Methylmalonyl-CoA mutase
| methylmalonyl Coenzyme A mutase
| |
| Identifiers | |
| Symbol | MUT |
| Entrez | 4594 |
| HUGO | 7526 |
| OMIM | 609058 |
| RefSeq | NM_000255 |
| UniProt | P22033 |
| Other data | |
| EC number | 5.4.99.2 |
| Locus | Chr. 6 p21 |
Methylmalonyl-Coenzyme A mutase is an enzyme involved in key metabolic pathways. It catalyzes the isomerization of methylmalonyl-CoA to succinyl-CoA. It requires its Vitamin B12 derived prosthetic group, adenosylcobalamin, to function.

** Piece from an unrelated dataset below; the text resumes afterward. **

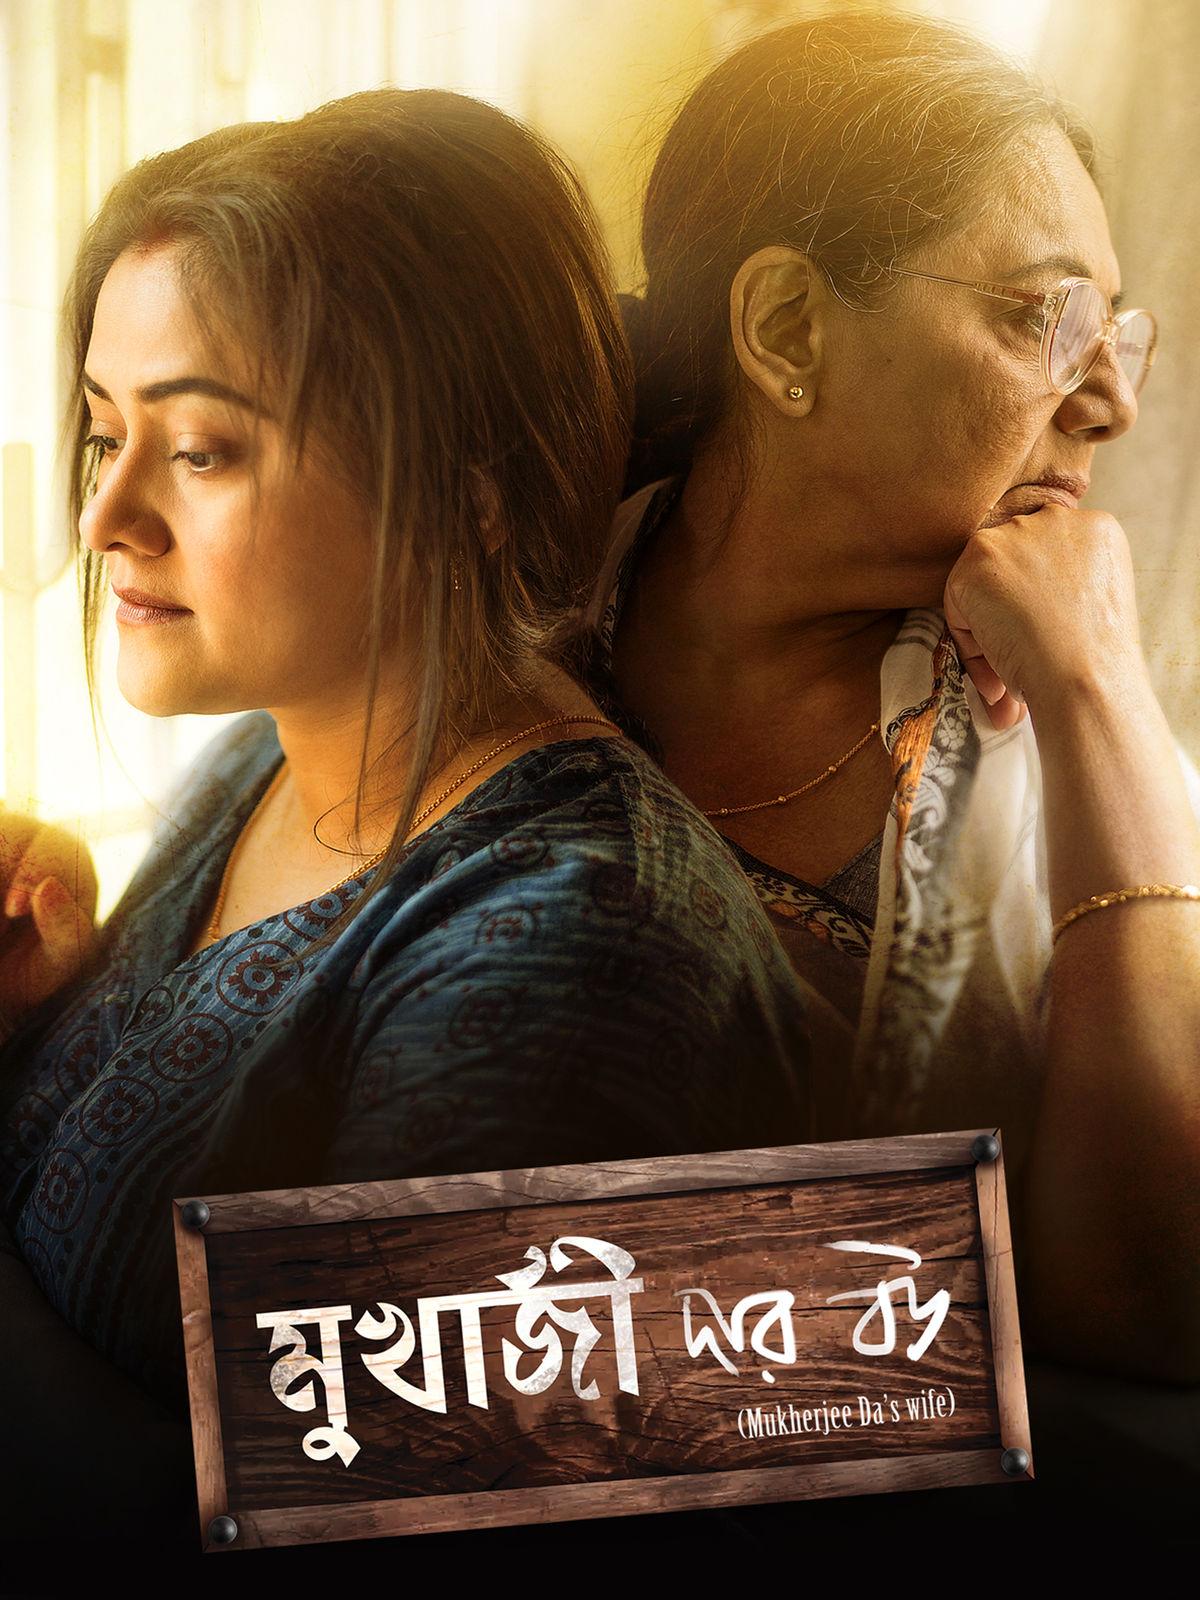 Anusuya Majumdar Best Movies, TV Shows and Web Series List

The substrate of Methylmalonyl-CoA mutase, methylmalonyl-CoA, is primarily derived from propionyl-CoA, a substance formed from the catabolism and digestion of isoleucine, valine, threonine, methionine, thymine, uracil, cholesterol, or odd-chain fatty acids.
The product of the enzyme, succinyl-CoA, is a key molecule of the TCA cycle.
Pathology
A deficiency of this enzyme is responsible for an inherited disorder of metabolism, Methylmalonyl-CoA mutase deficiency, which is one of the causes of methylmalonic acidemia.
Function
MUT resides in the mitochondria where a number of substances, including the branched-chain amino acids Ile and Val, as well as Met, Thr, thymine and odd-chain FAs are metabolized via Methylmalonate semialdehyde (MMlSA) or Propionyl-CoA (Pr-CoA) to a common compound - Methyl-malonyl-CoA (MMl-CoA).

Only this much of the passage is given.